◆ Problem description:
Write out the full listing exactly as given, minus the images.

◆ Data section:
● ● ●
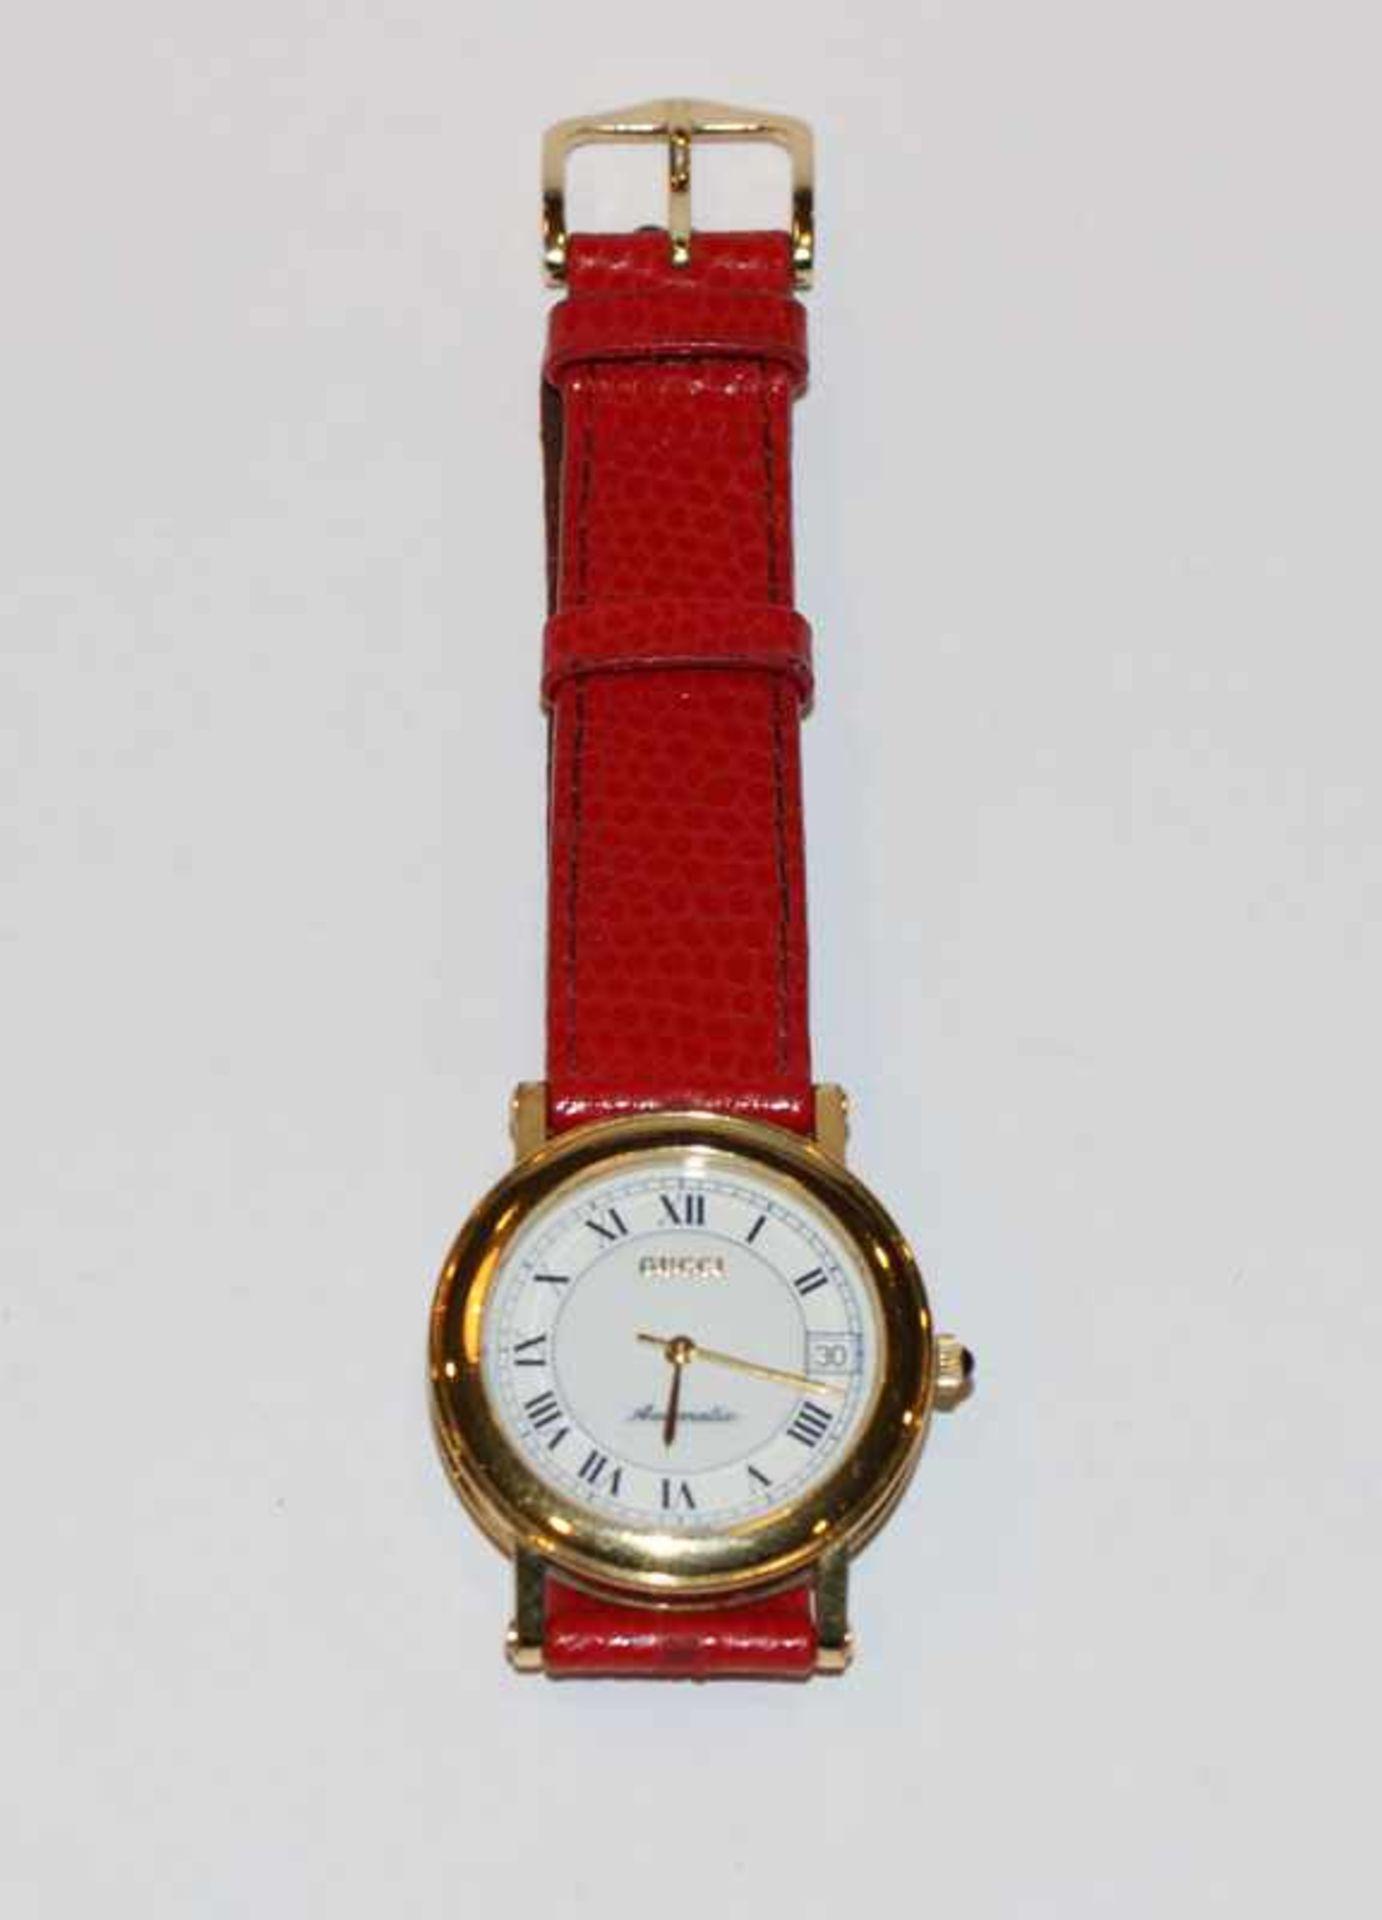 Los 67 - Gucci Damenarmbanduhr, Automatik, an rotem Armband, in Originaletui, leichte Tragespuren
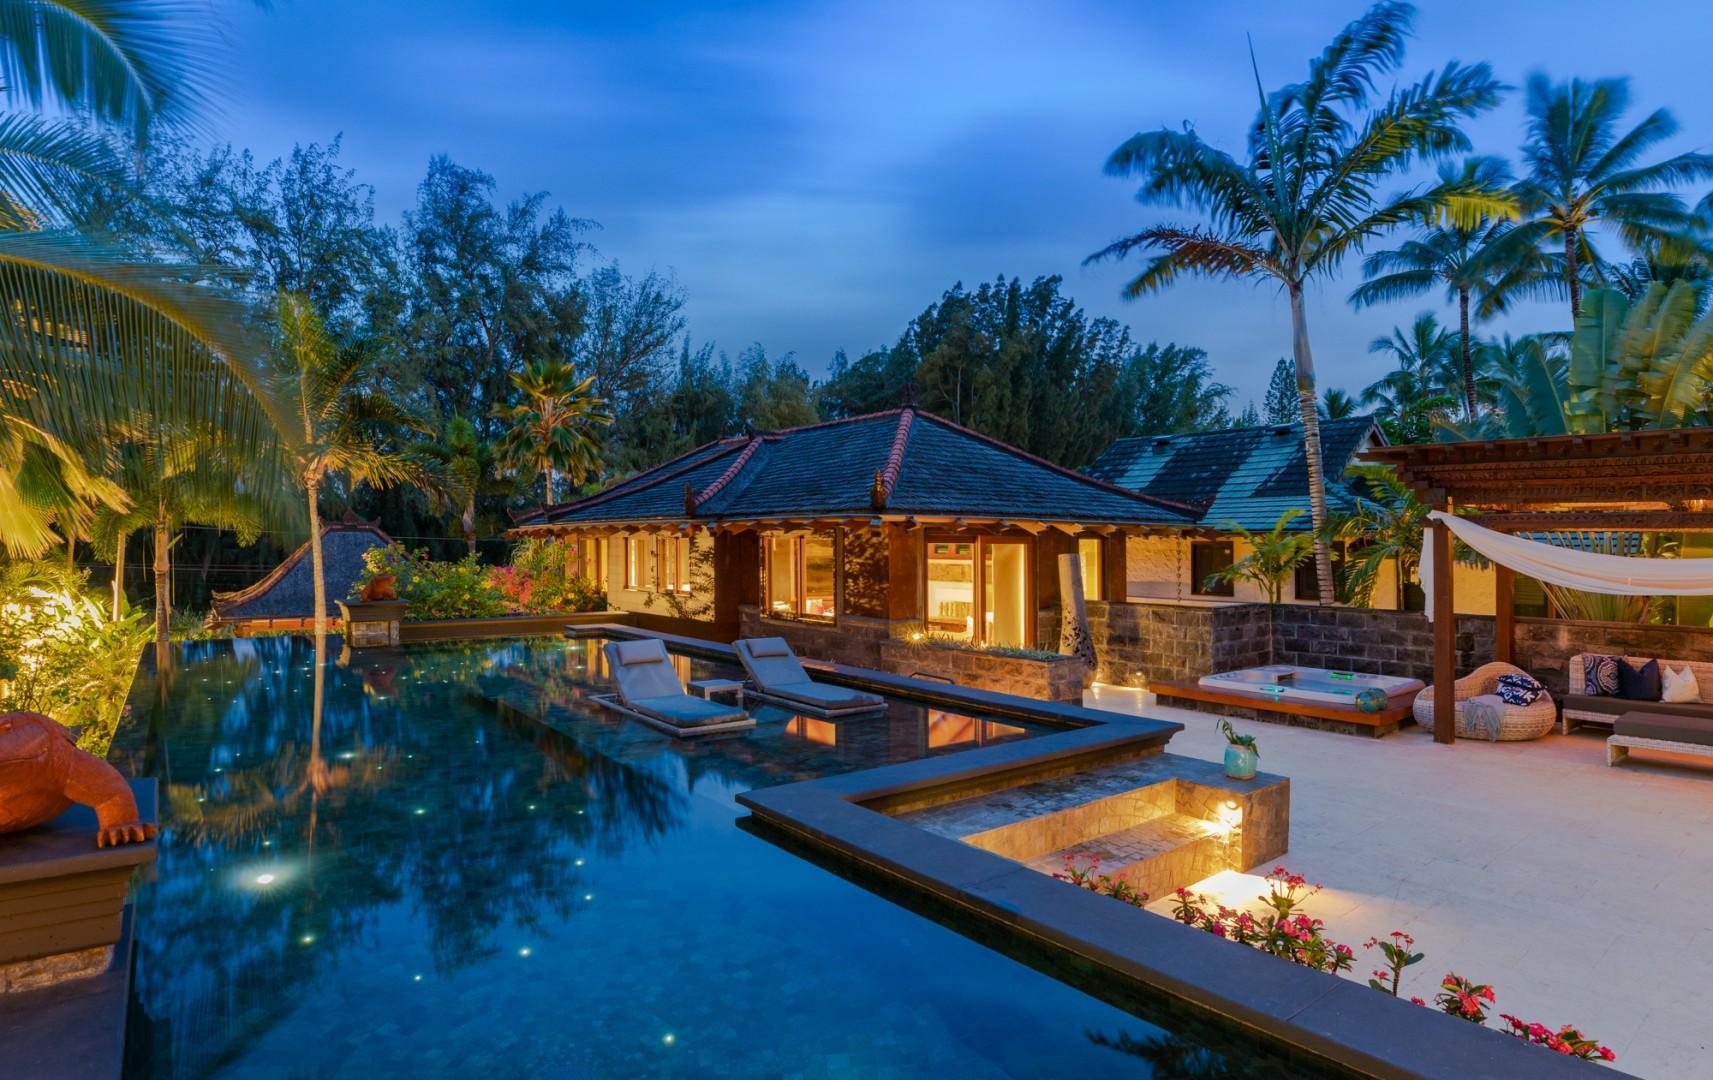 Pool Courtyard at Twilight
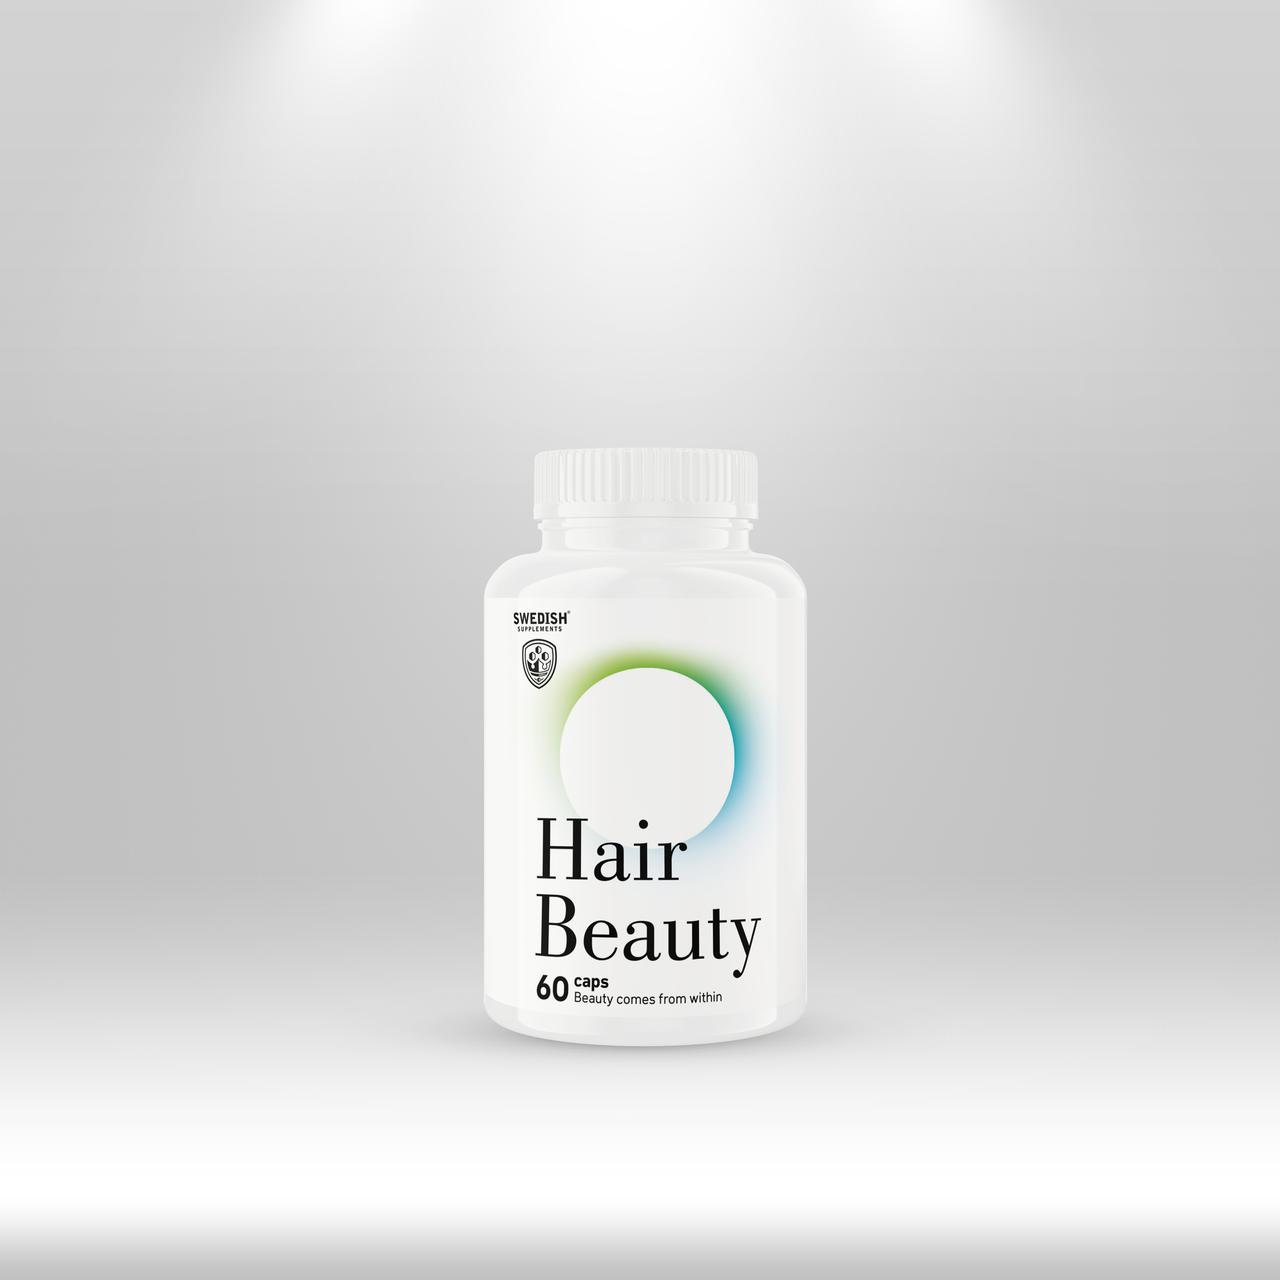 Swedish Supplements Beauty Hair, 60 caps
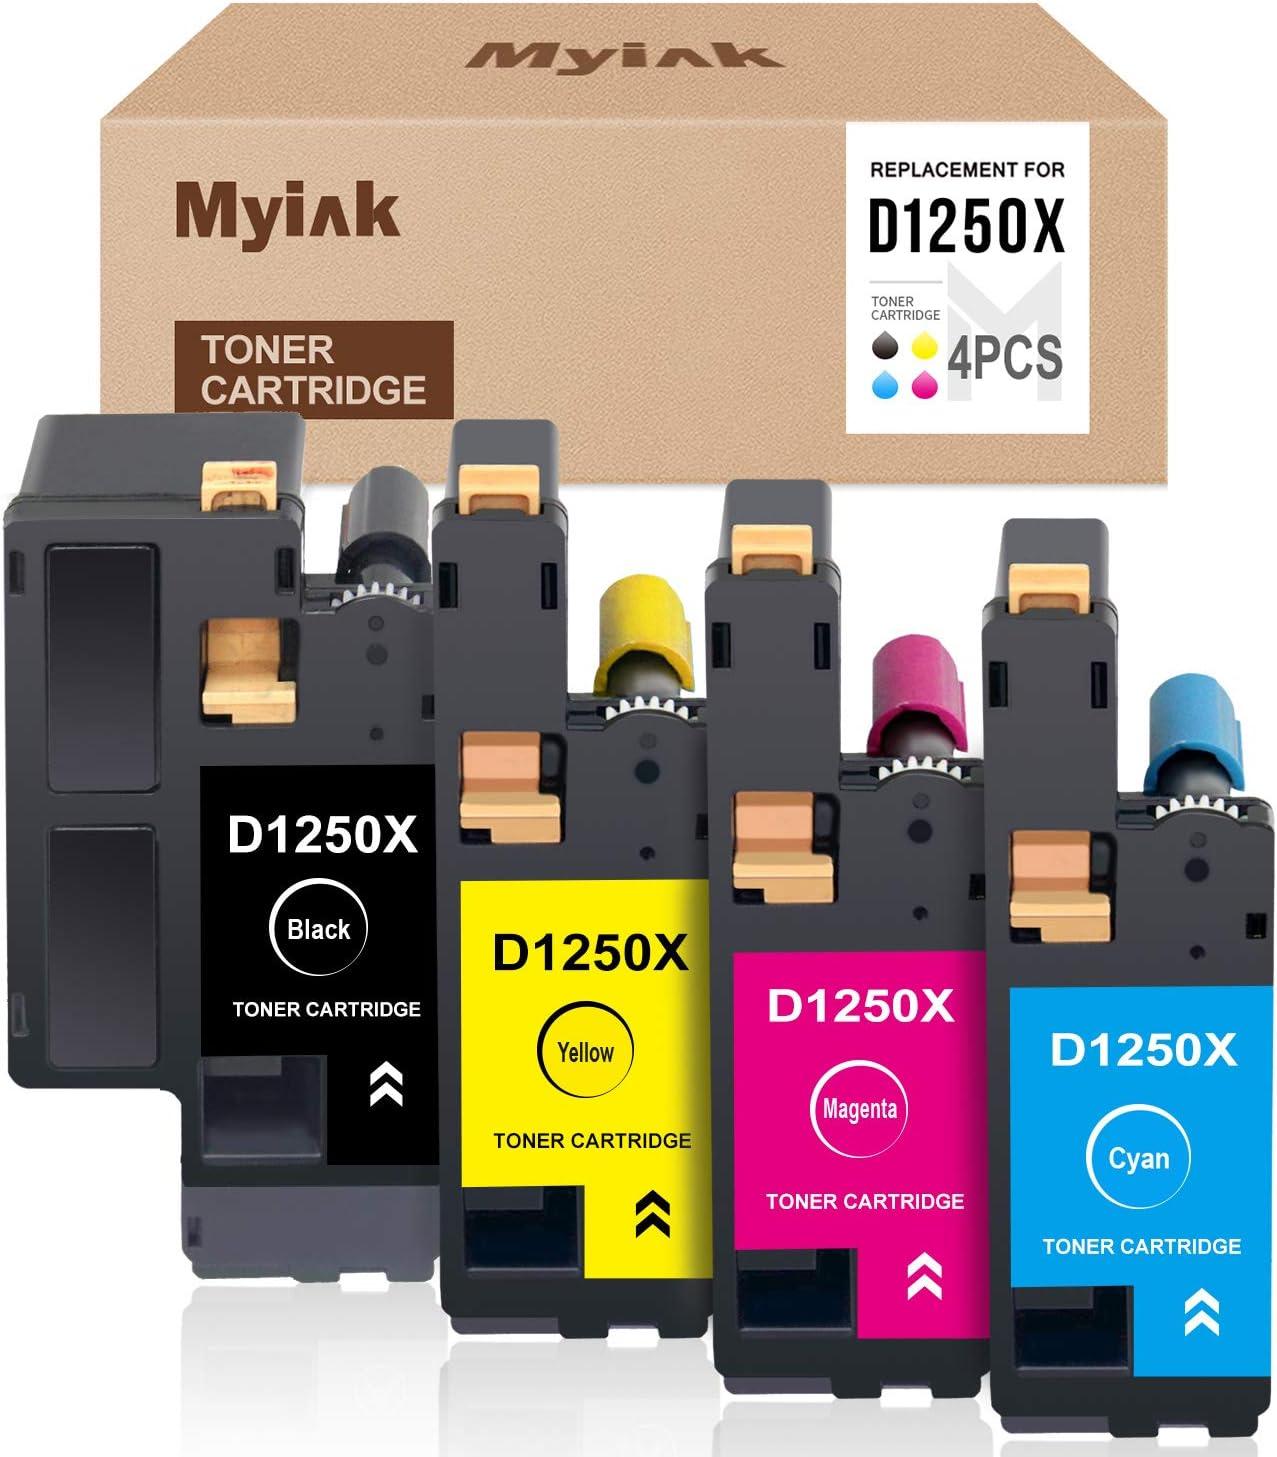 MYIK Compatible Toner Cartridge Replacement for Dell 1250 810WH C5GC3 XMX5D WM2JC to use with C1760nw 1250c C1765nfw 1350cnw 1355cn 1355cnw (Black, Cyan, Magenta, Yellow, 4-Pack)
● ● ●
◆ Exercise output:
 Los 67 - Gucci Damenarmbanduhr, Automatik, an rotem Armband, in Originaletui, leichte Tragespuren
 Pool Courtyard at Twilight
 Swedish Supplements Beauty Hair, 60 caps
 MYIK Compatible Toner Cartridge Replacement for Dell 1250 810WH C5GC3 XMX5D WM2JC to use with C1760nw 1250c C1765nfw 1350cnw 1355cn 1355cnw (Black, Cyan, Magenta, Yellow, 4-Pack)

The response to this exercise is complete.